The advantage of these types of stablecoins is that these allow a decentralized approach without the need to collateralize another asset. They do, however, require continual growth to be successful. If there is a rapid decrease in value of crypto, there is no collateral for liquidation available and the value locked in the stablecoin is effectively lost.
What else can I do with stablecoins?
Stablecoins can be used in savings accounts to earn yields. Most of the time services that offer yields provide higher yields on fiat and stablecoins so they are a good option for earning steady and reliable income over extended periods of time. This works by lending your crypto or stablecoins for a percentage of the profits. In most cases, you are also able to borrow these assets but in that case, you need to collateralize the borrowed amount with another asset.
Should I invest in stablecoins?
As explained earlier it is highly unlikely that a stablecoin will earn you any profits through its volatility. Its strength is its stable value which means that it can hold the value of your portfolio (or a part of it) for periods when there is uncertainty or when prices are declining. You should be aware of the fact that holding a stablecoin through a bull market will almost certainly result in you missing out on opportunities deriving from the volatility of other crypto assets like coins and tokens.
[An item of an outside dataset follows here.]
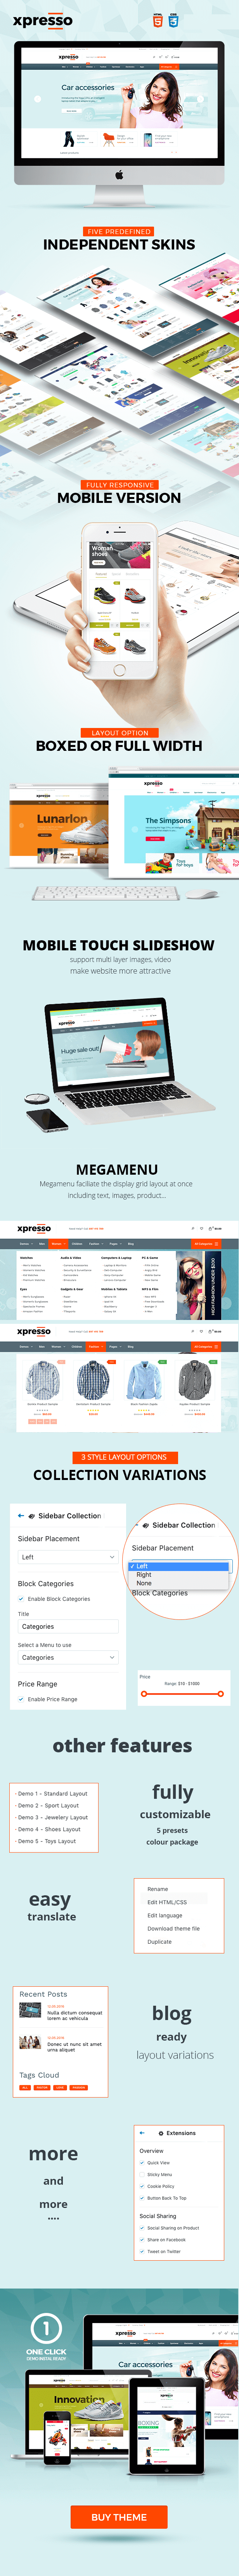 xpresso multipurpose responsive shopify theme

What should I look for in a stablecoin?
This largely depends on what you wish to do with a stablecoin. Like with every other crypto asset it is always a good idea to educate yourself about the technology, and team behind the asset, which exchanges support the stablecoin, how fast and cheap it can be transferred, etc.
If, for example, you wish to do arbitrage, it’s best to select a stablecoin that is supported by the exchanges you are using and look for a cheap and fast underlying technology for transfer. If you wish to hedge through a bear market without cashing out, you can use any stablecoin that can be exchanged conveniently from the assets you are investing in.
Stablecoins have brought a lot to the crypto table in recent years. They are used widely across the industry to boost market liquidity, contextualize prices, provide an on and off ramp to crypto for the underbanked and to hedge against volatility.
Regulation on this front can bring a few downsides in the short term if bad backing practices are discovered and punished. In the longer run, however, they offer many benefits that can be utilized by anyone, and more stringent regulation will almost certainly help make the space safer and even more exciting.